Двоих немцев — к паровозу, стеречь бригаду и следить, чтобы машинист сдуру не стравил пар:
— Возможно, придётся срочно уходить в карантинный тупик!
— Ещё двоих вахманов за водой к будке, с котелками.
Выбираю самых молодых, почти мальчишек, вечно голодных, эти будут греметь котелками у колонки долго и вдумчиво, потому что у воды можно покурить без начальства.
— Санитарная обработка потребует воды. Много воды!
Фельдшера при конвое нет и слава богу, фельдшер мне тут нужен, как прокурор на именинах.
Стою у служебного вагона и смотрю, как расползаются по темноте фонари — два к переезду, два за хвост, огонёк у паровоза, огонёк у будки. Пять минут назад двадцать один ствол стоял кучей вдоль состава. Теперь они разведены по местам, где каждый видит свой кусок ночи и не видит остальных.
Теперь связывает их всех только один человек. Я сам, унтерштурмфюрер Ниманн.
Грота оставляю при себе. Во-первых, старший конвоя должен присутствовать при вскрытии — такой в конвойной службе положенный порядок. Во-вторых, пусть будет там, где я его хорошо вижу.
С ним остаются всего трое, немец-ефрейтор с автоматом и овчаркой, двое вахманов с карабинами. Четыре ствола у вагона, шесть — в пределах двух минут бега. Хуже, чем хотелось бы, но гораздо лучше, чем было до развода. Только больше разгонять уже нельзя, и так стволов слишком мало для того, что я собираюсь сделать.
— Который вагон с военнопленными? — спрашиваю я, глядя в ведомость, хотя ответ знаю из бумаг наизусть.

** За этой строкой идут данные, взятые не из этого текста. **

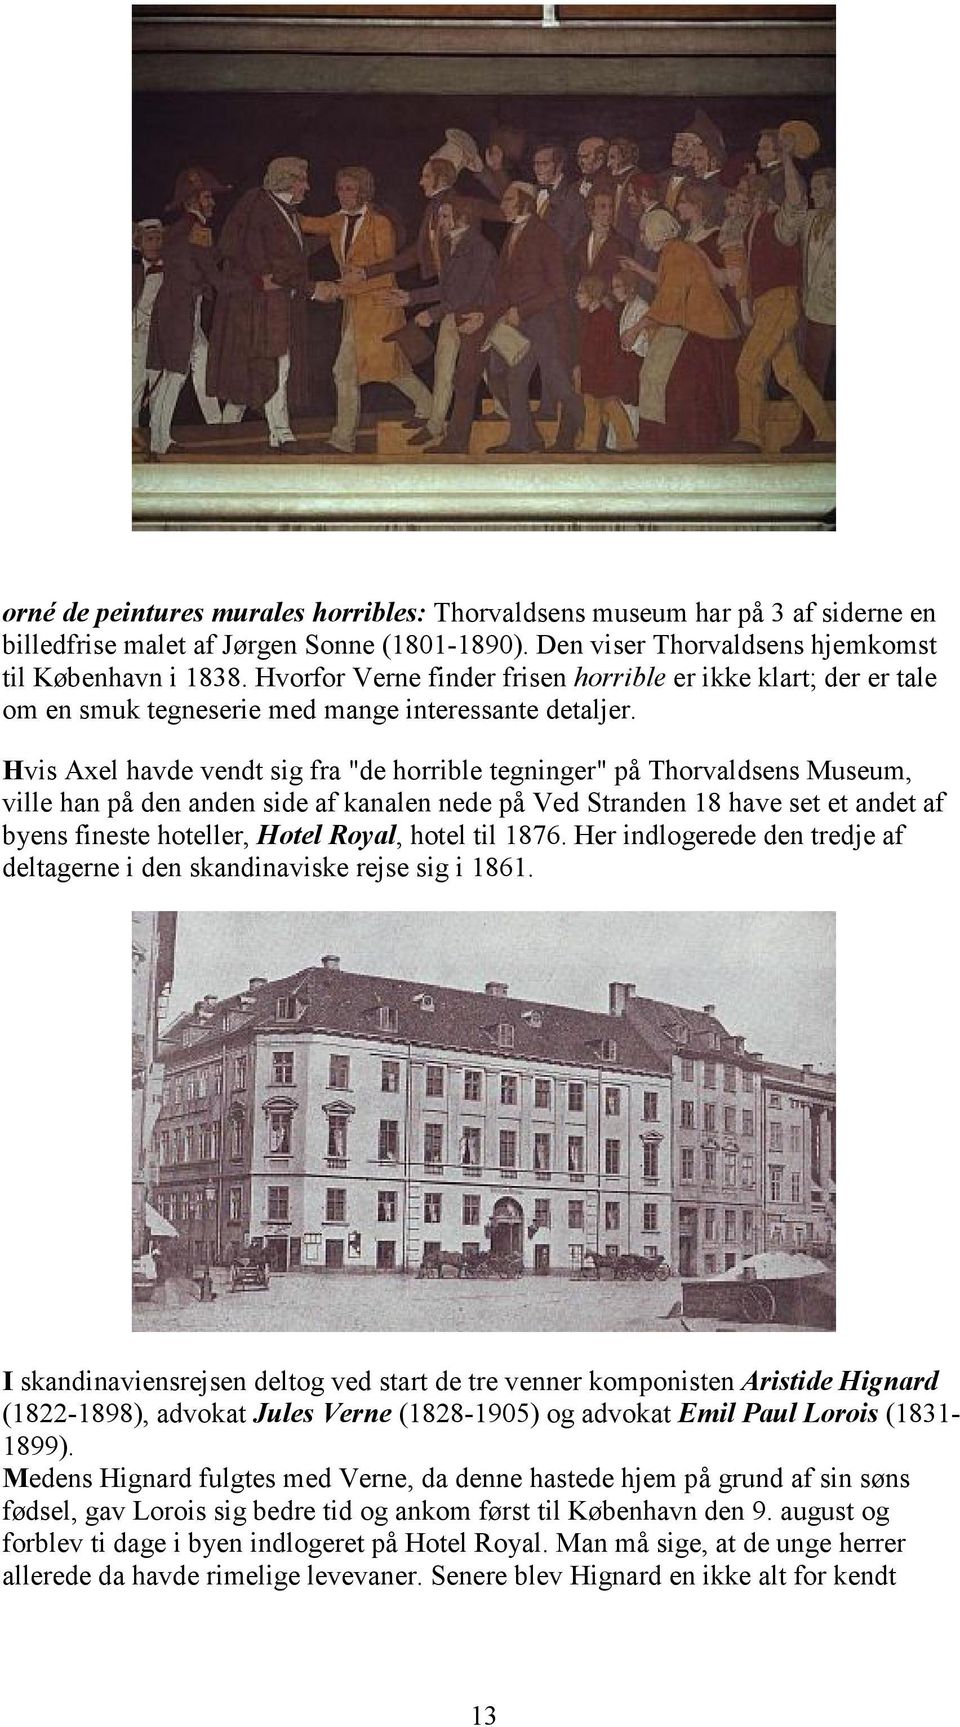 Hvis Axel havde vendt sig fra "de horrible tegninger" på Thorvaldsens Museum, ville han på den anden side af kanalen nede på Ved Stranden 18 have set et andet af byens fineste hoteller, Hotel Royal,

— Второй от хвоста, герр унтерштурмфюрер, — тут же докладывает Грот.
— Осмотр начнём с него.
Грот недоуменно моргает. В его картине мира тиф живёт в четвёртом вагоне, а не во втором от хвоста, поэтому начальственная логика делает у него на глазах сильно непонятную петлю. Я даю ему секунду помучиться, но все же объясняю, пусть раздражённо, через губу, как объясняют бестолковым:
— Пленные — солдаты. Половина прошла через лагерные эпидемии, у них глаз на сыпняк лучше, чем у любого нашего фельдшера. И явно лучше, чем у вас со мной вместе. Выделю из них рабочую команду для осмотра и обработки состава. Или вы предпочитаете лично войти в четвёртый вагон, Грот?
Грот никак не предпочитает. Грот смотрит на меня с огромной любовью, ведь начальство только что придумало, как сделать работу чужими руками. Самая родная, понятная, любимая мысль всякого конвоя на всех войнах человечества.
Идём вдоль состава. Сапоги по гравию, фонарь в руке ефрейтора выхватывает стыки, скобы, пломбы, номера мелом. Из щелей все время смотрят. Я никого сам не вижу, только чувствую, полоски темноты между досками живые, когда луч скользит по стене, темнота отшатывается. У пятого вагона на меня из щели смотрит глаз, всего один, на уровне моей груди, явно детский. Иду дальше, шаг у меня не сбивается, у этого тела отличные, послушные, тренированные ноги.
«Гроб придётся заслужить, — напоминаю я себе. — Работай, Руднев!»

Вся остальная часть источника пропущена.